The Joint Commission, the Leapfrog Group, the Institute of Medicine, and the Institute for Safe Medical Practice have all called for reducing or eliminating verbal orders. Nursing groups often see verbal orders as dangerous because of the risk that a verbal order error will place nurses in a position of liability. The Health Systems Management Society that determines best practices in hospital medical record keeping has set a goal that verbal orders should be < 10% of a hospital’s total inpatient orders and < 5% of a hospital’s total outpatient orders.  The literature is rife with anecdotes of the nurse who thought a doctor said to give a patient 10 mg of Viagra when the doctor actually said to give 10 mg of Allegra. The reality is that verbal orders can both improve patient safety and worsen patient safety.

Electronic medical records have reduced verbal orders

Much of the literature on verbal orders is from a pre-electronic medical record era. 15 years ago, most hospital orders were written in the patient’s paper chart that was kept in a nursing station. For a physician to place an order, that physician had to go to the nursing station hand write the order. If the doctor was out of the hospital or was on a different floor of the hospital, then entering an order was not possible and verbal orders proliferated.
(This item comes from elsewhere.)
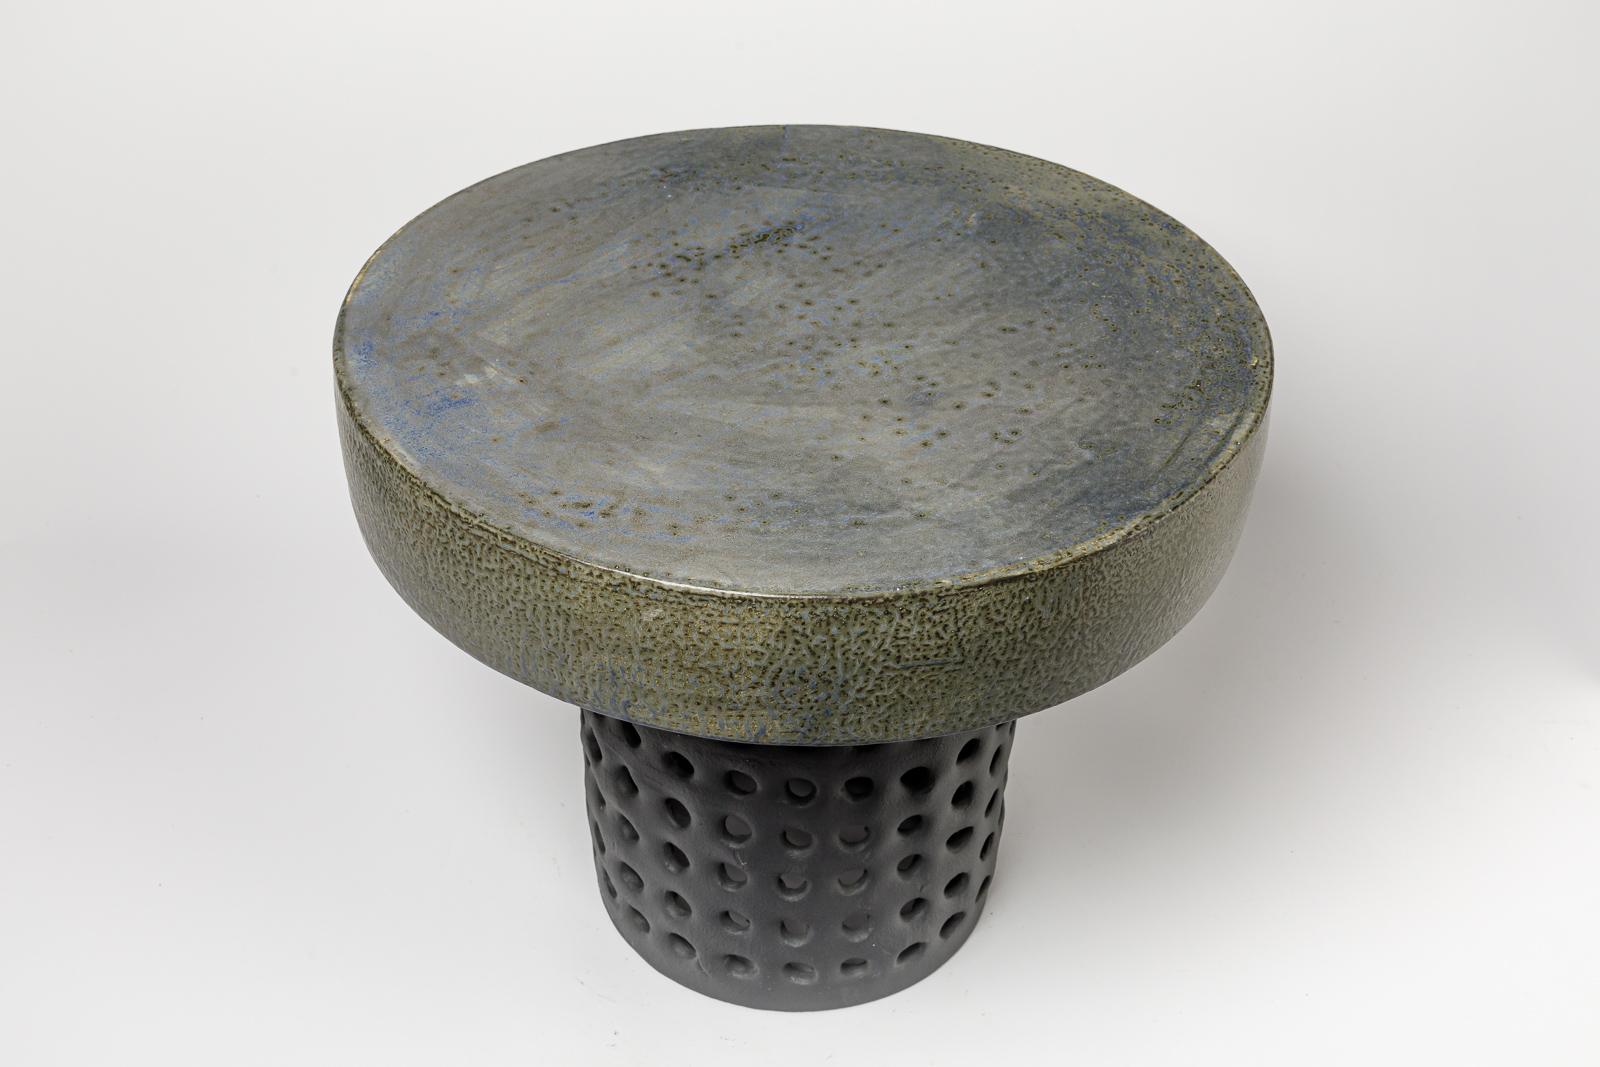 Pair of black/blue and grey/green glazed ceramic stool or coffee table 4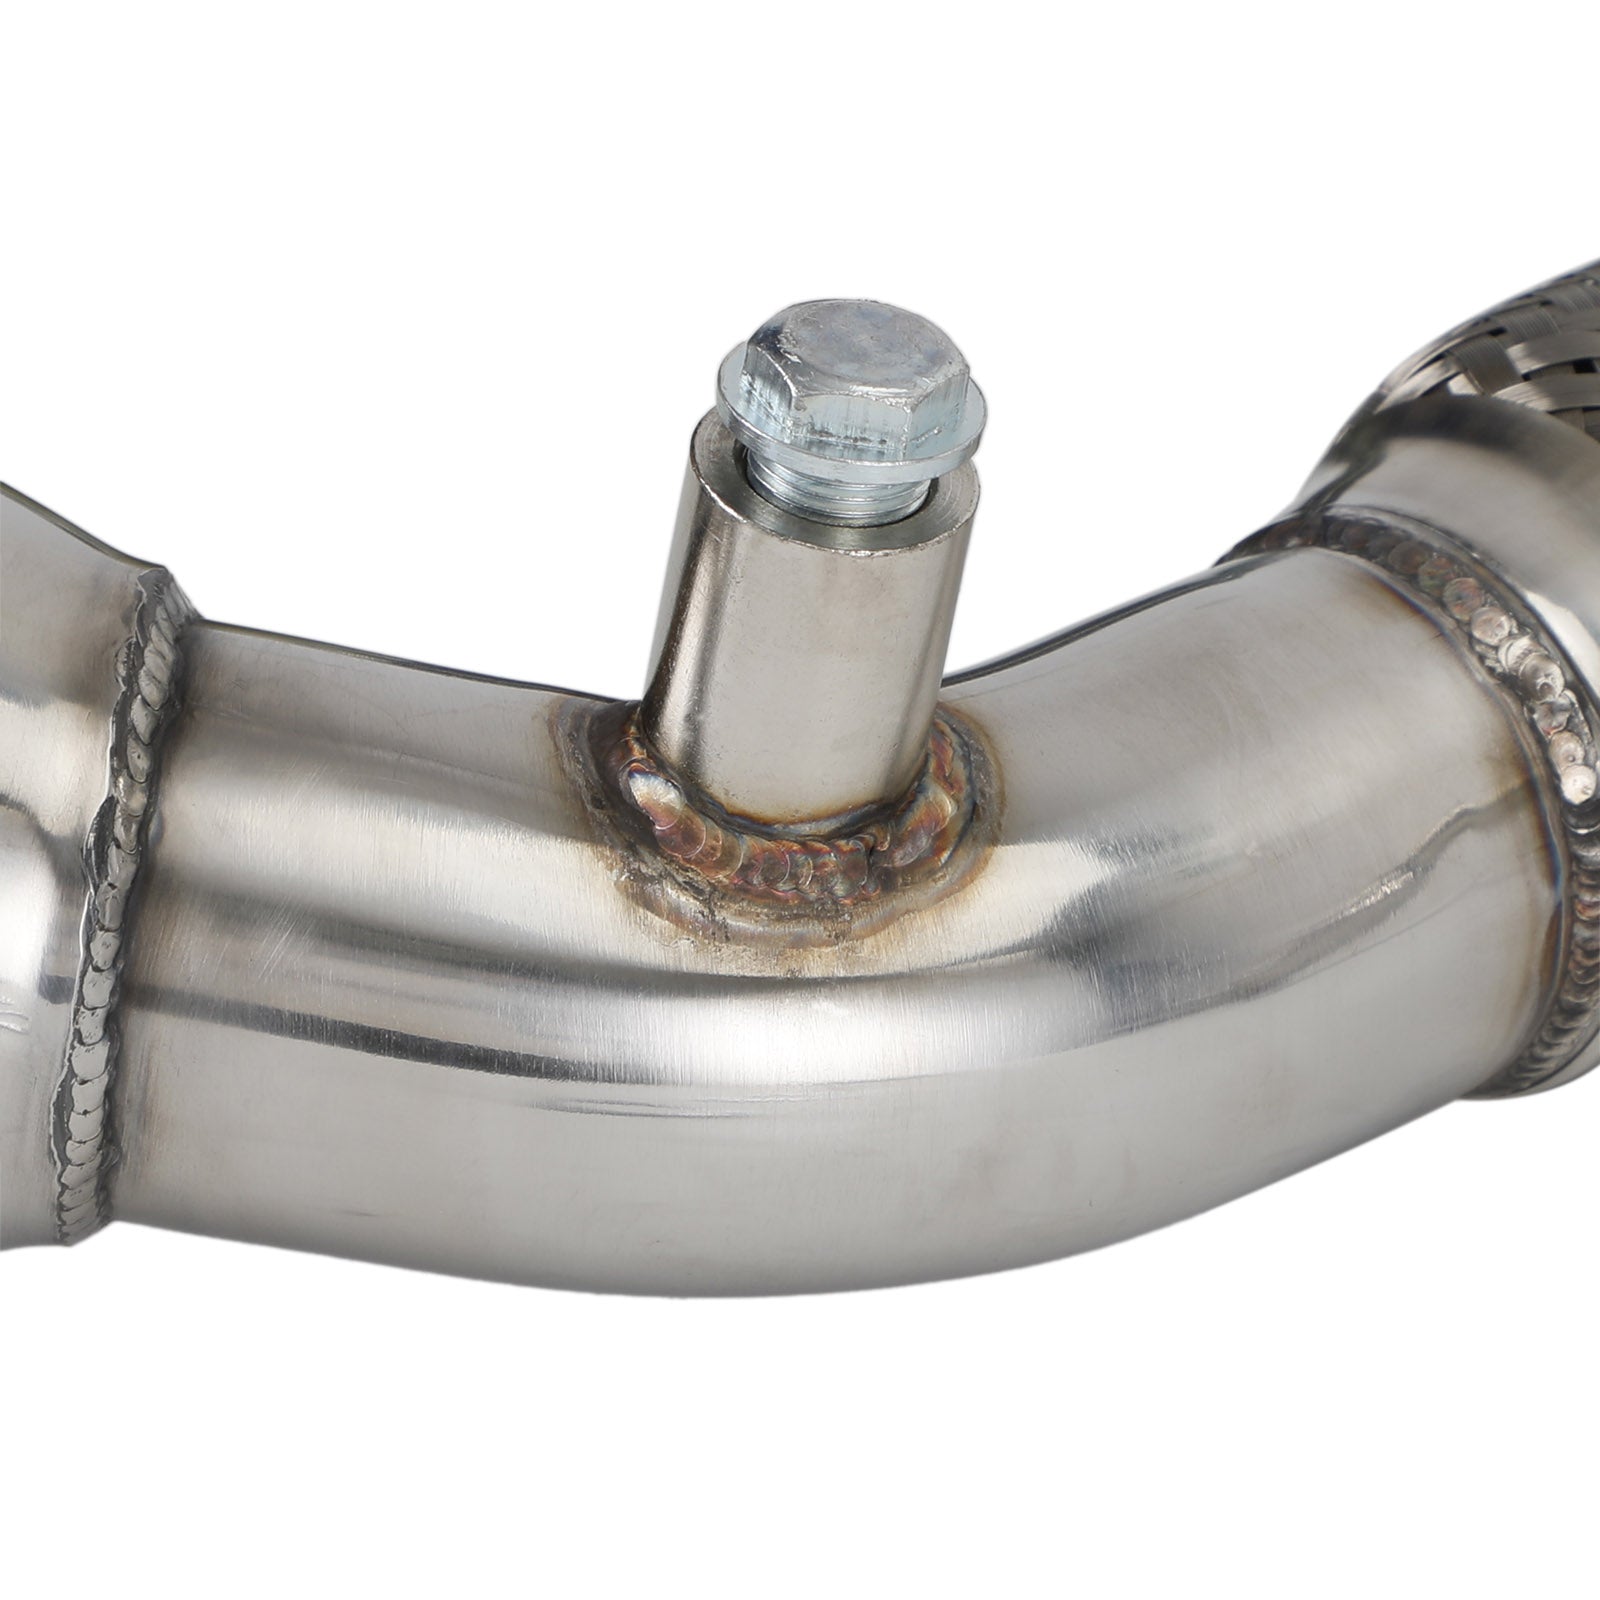 Nissan 2003-2006 350Z Infiniti G35 FX35 Test Pipes Exhaust DownPipe

A bad phone connection, a doctor with a foreign accent, or a lot of background noise in the nursing station helped to foster mistakes. Although physicians had to eventually sign those orders, signing often didn’t happen until weeks after the patient was discharged when the patient’s chart was flagged by the medical record department as containing an unsigned order. Every physician who practiced in the 1990’s can remember weekly trips to the medical record department where each physician would have a stack of discharged patient charts requiring signatures.

Pharmacy orders were a particular problem. In the by-gone era of the physician’s prescription pad, a hand written prescription was given to patients at the time of an office visit or when being discharged from the hospital. But if that patient called in with an acute illness or needed a prescription refill, then the doctor had to call the pharmacy to give the pharmacist a verbal order for a medication. On nights that I was on-call, I would almost always have to phone in a verbal prescription to a pharmacy for a patient needing an antibiotic or an asthma inhaler; the options were either a hand-written prescription or a verbal order.

With the advent of electronic medical records, a physician no longer had to be physically in a specific nursing station to place an order. Doctors could now access the patient’s chart from a computer located anywhere and can even place orders from an app on their phone. I have not hand-written a prescription on a prescription pad in years. Even when I am on call, I find it easier and faster to send in a prescription by computer or by an app on my phone than to call a pharmacy (and be put on hold for several minutes). It is now easier than ever before to place an order electronically and this has reduced the need for verbal orders.

When verbal orders are a good thing

There are times when a physician simply cannot safely place an order in the electronic medical record. For example, the surgeon who is scrubbed in the middle of an operation cannot break scrub to place an order for the nurse to give the patient a fluid bolus. The family physician who is at a restaurant having dinner and gets a call from a patient with bronchitis cannot easily walk away from the restaurant, drive home, get on a computer to access the electronic medical record, and then send an electronic order for an antibiotic to the patient’s pharmacy. When a physician is driving to work in the morning is called from the ICU about a patient who is seizing, that patient needs to receive a dose of lorazepam immediately and not 15 minutes later when the doctor has access to a computer to place the order.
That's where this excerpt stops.